The company made an ASX announcement, reporting that the trading in the securities of Cettire will be temporarily paused pending a further announcement.

Cettire has suffered blows over the last year, with much of it driven by US tariffs and the country’s de minimis exemption axing, impacting one of Cettire’s key global markets. 

In the first half of FY26, the luxury platform reported a statutory net loss of $1.05 million in the first half of FY26. This follows its net loss after tax of $2.6 million reported in the full year FY25, and is down from a $4.7 million net profit in the first half of FY25.

The latest loss comes amid ongoing margin pressures, reportedly driven mostly by US trade policy.
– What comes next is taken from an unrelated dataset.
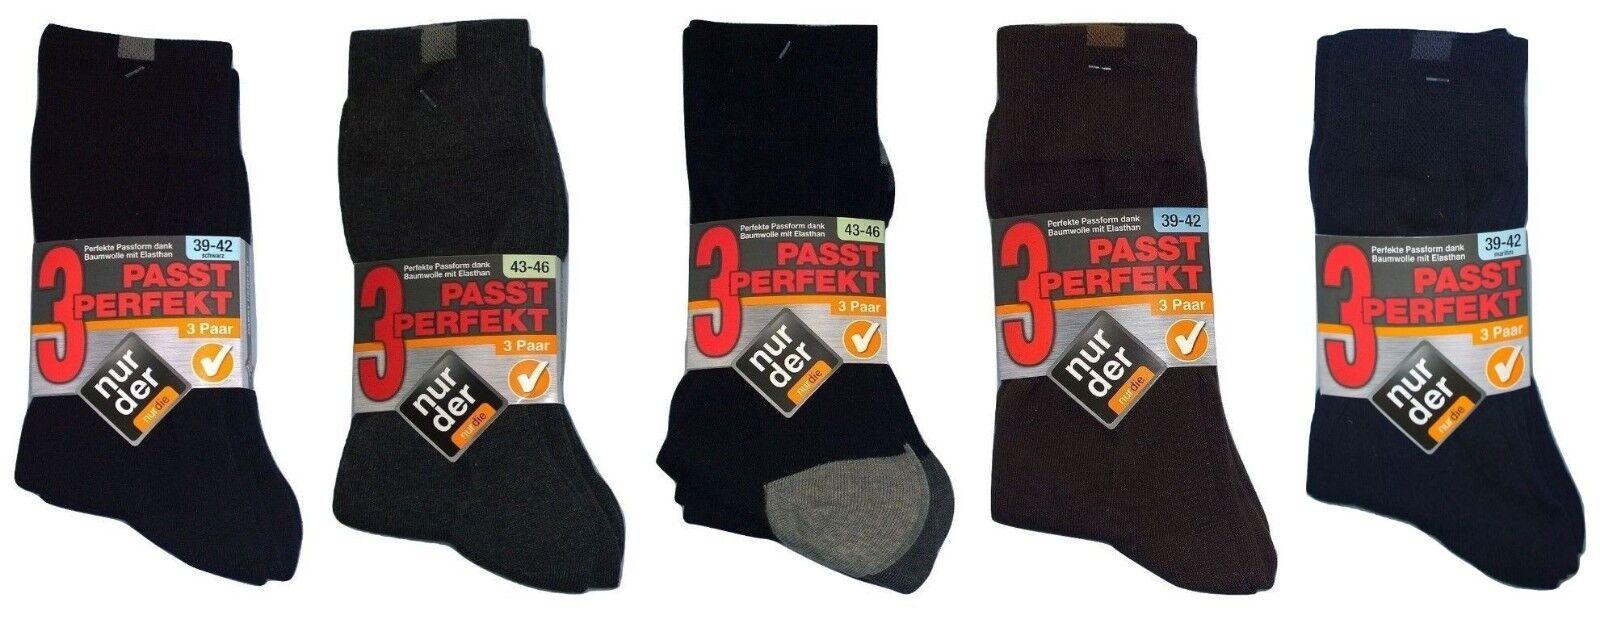 Nur Der Passt Perfekt Herren Socken 3er Pack

Cettire reported a delivered margin of $54.8 million, representing 14.3 per cent of sales. This was offset by significant increases in US duties costs, but buoyed by reduced discounting activity.
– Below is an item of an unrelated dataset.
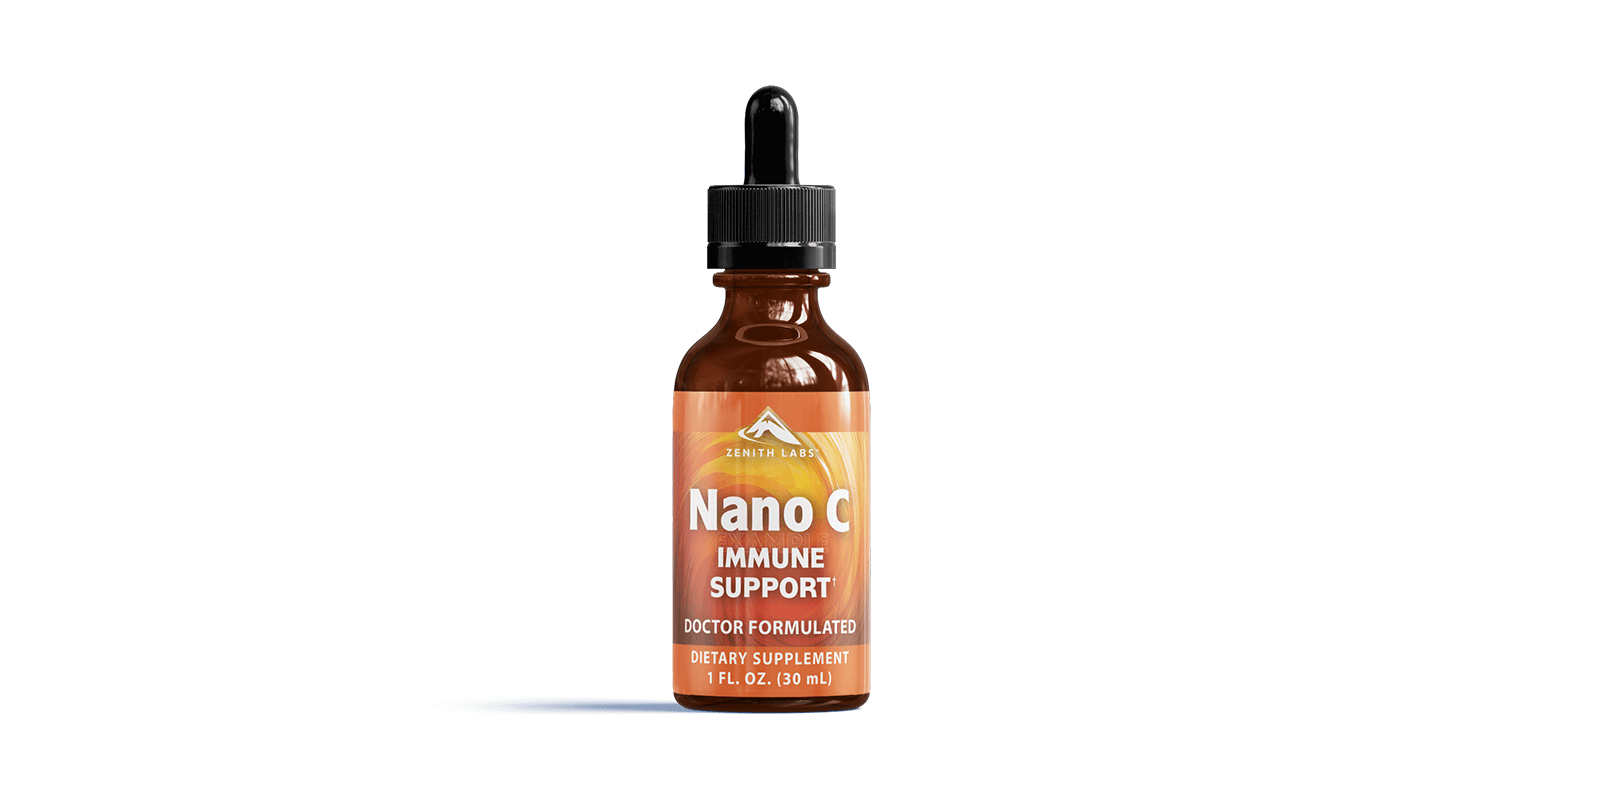 Nano C Immune Support review

At the top line, Cettire’s gross revenue was down by $8.4 million, hitting $505.7 million by the end of the first half. Sales revenue totalled $382.8 million, down from $394 million recorded in the first half of FY25. 

“The global luxury market has continued to face headwinds throughout H1-FY26, with persistent inflation pressure and subdued consumer confidence,” Cettire founder and CEO Dean Mintz said in the H1 trading update shared on February 26 this year. 

“Despite this backdrop, we have remained focused on executing our plan to grow Cettire’s share of the global personal luxury goods market while remaining self-funding.”

Mintz added that the impact from the removal of the de minimis exemption in the United States – which exempted goods valued under US$800 from duties and taxes – contributed to ongoing challenges in Cettire’s largest market. 

Despite this, all of the luxury platforms markets outside the USA saw a sales lift of 13 per cent year in the first half of FY26, balancing falls in North America. This does not include Cettire’s Australian market, where sales fell by around $468,000 to $21.43 million.

Mintz also noted that Cettire’s adjusted earnings before interest, tax, depreciation and amortisation (EBITDA) for the first half of FY26 was $20 million higher than the last half of FY25. Adjusted EBITDA hit $8.7 million, which is down from $12.1 million reported in the first half of FY25.

Statutory EBITDA was $3.3 million. 

With the halt just issued, an update to the market is expected to be made within two working days. 

Kathmandu owner KMD Brands called a trading halt earlier this year ahead of announcing a capital raise. Trading halts are generally issued ahead of material news, and it is currently unclear why Cettire has issued one today.